Data block.
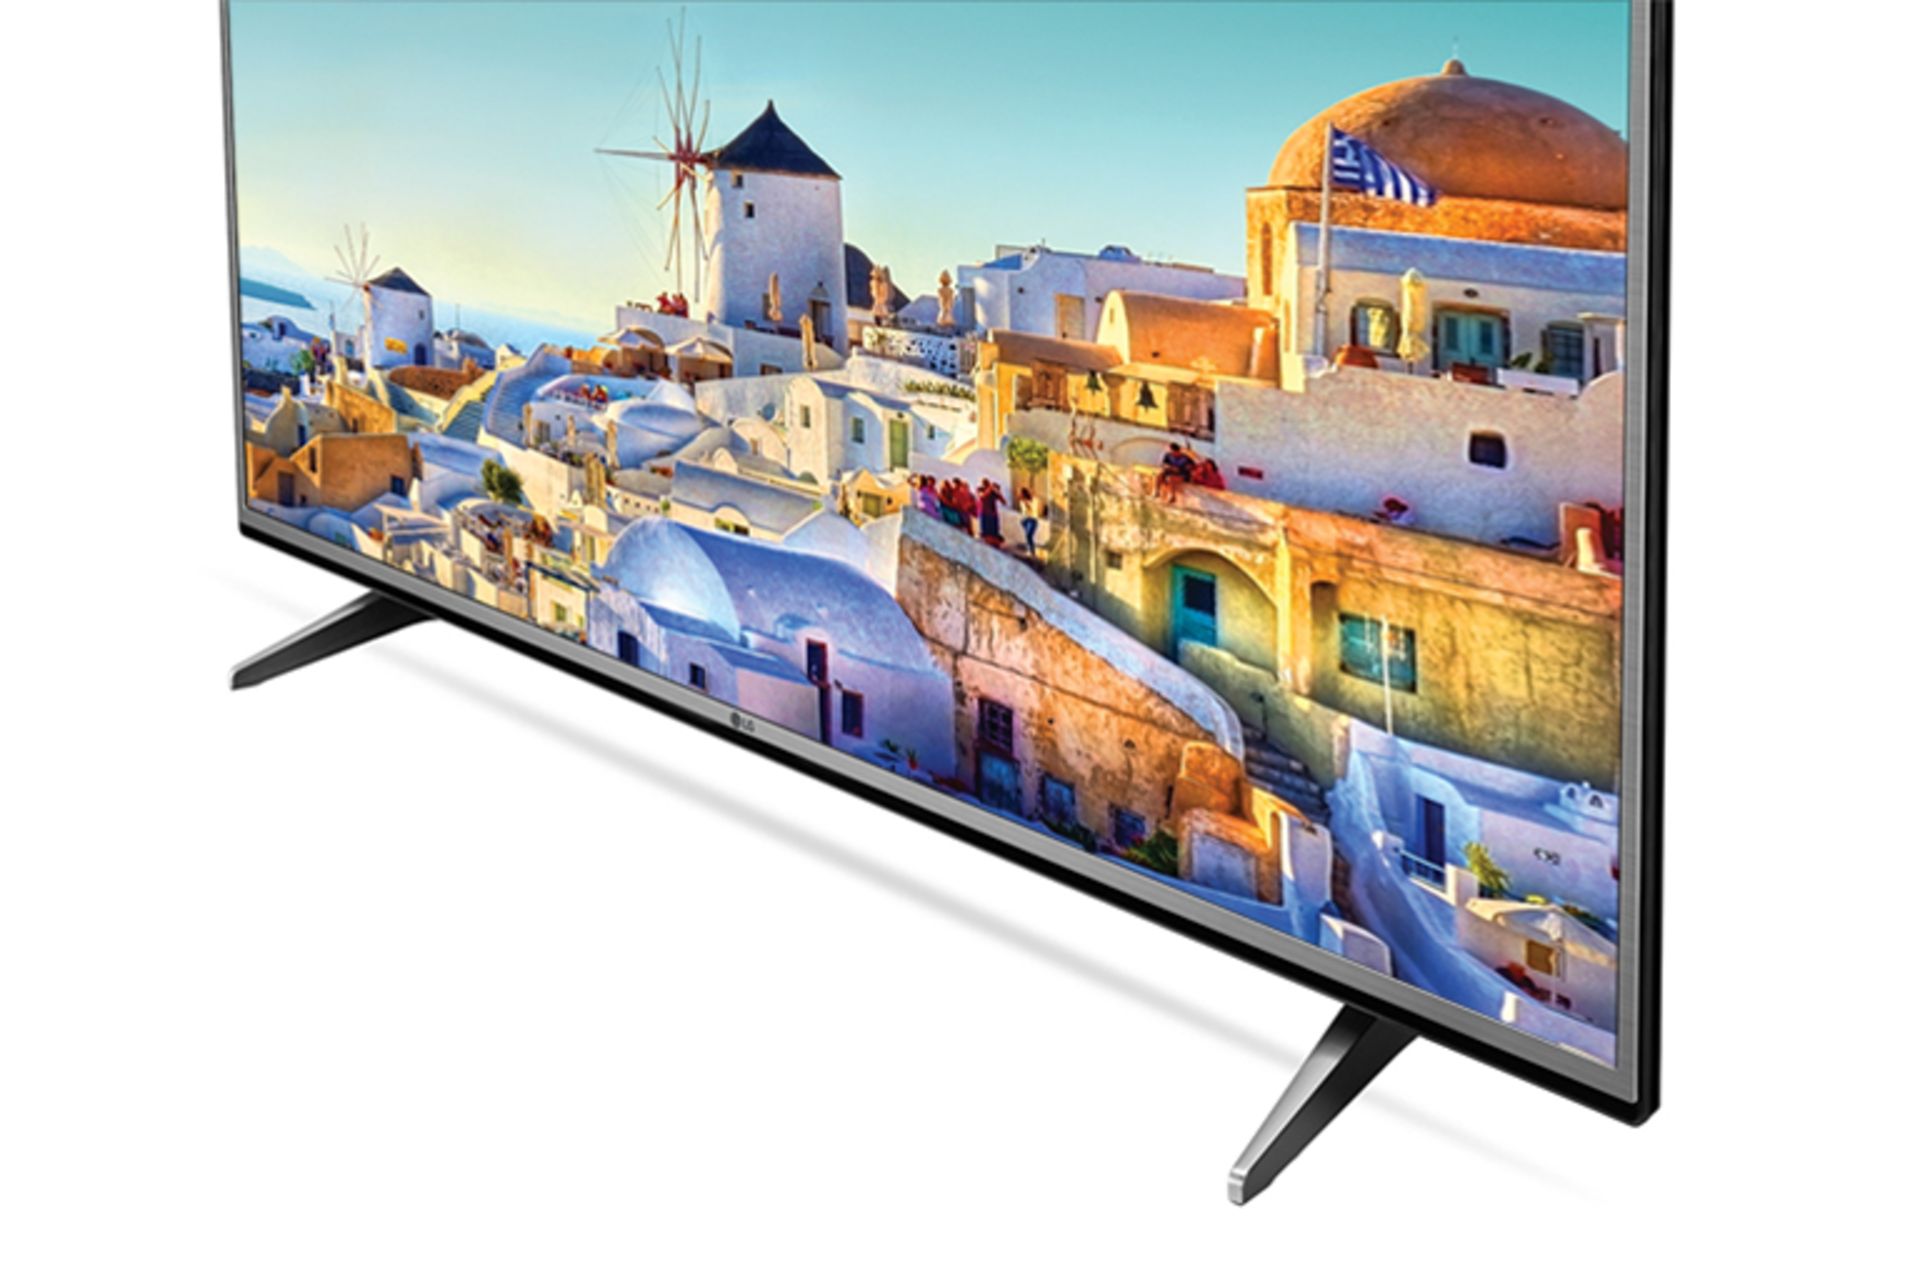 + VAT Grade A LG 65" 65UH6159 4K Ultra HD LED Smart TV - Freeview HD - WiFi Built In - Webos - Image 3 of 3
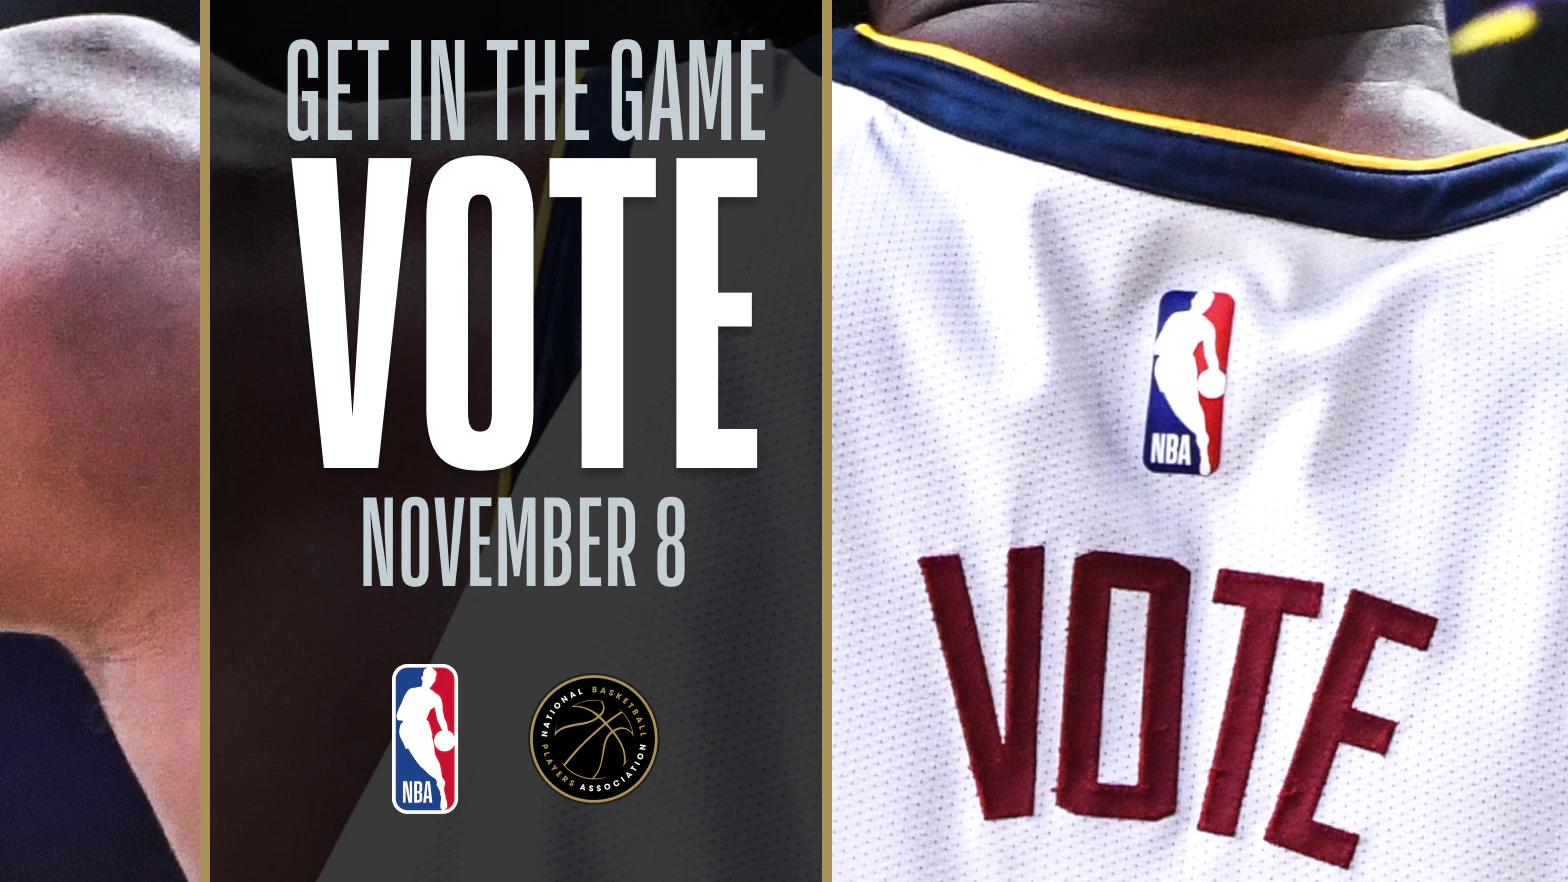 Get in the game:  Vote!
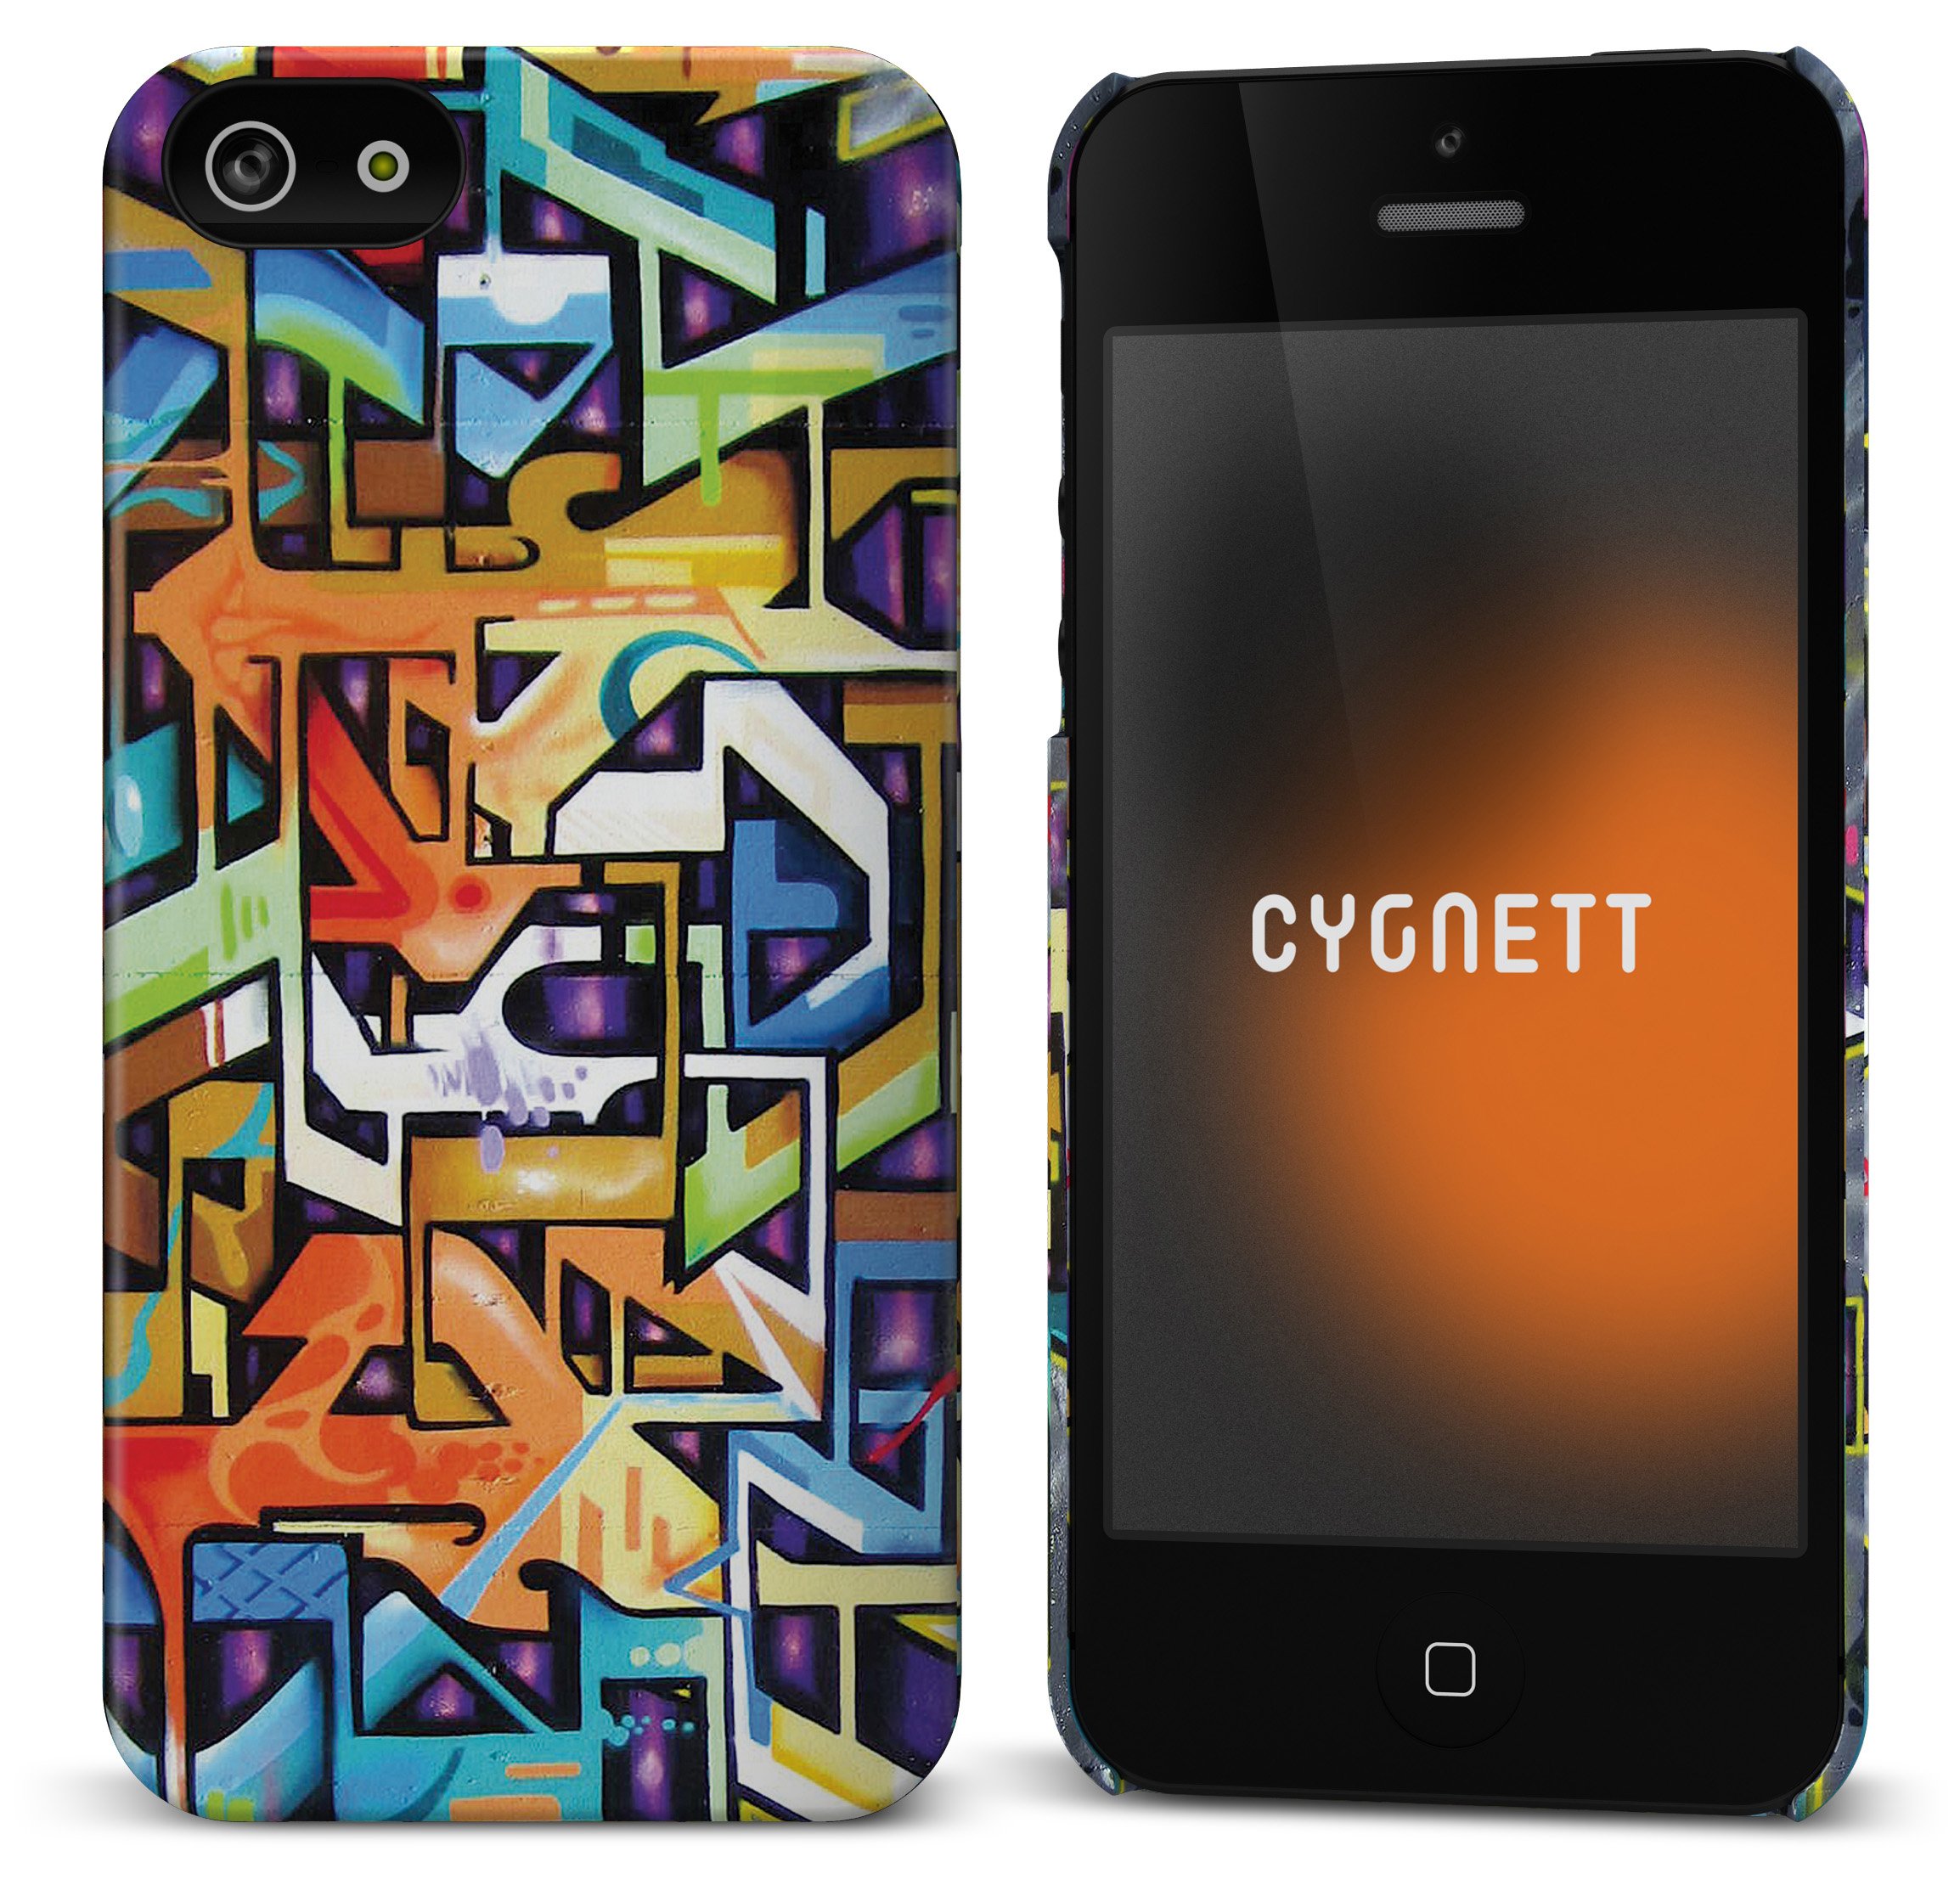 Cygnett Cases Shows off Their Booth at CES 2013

Exercise description. Reproduce the entire listing above precisely, but keep the images out.

Final answer.
 + VAT Grade A LG 65" 65UH6159 4K Ultra HD LED Smart TV - Freeview HD - WiFi Built In - Webos - Image 3 of 3
 Get in the game:  Vote!
 Cygnett Cases Shows off Their Booth at CES 2013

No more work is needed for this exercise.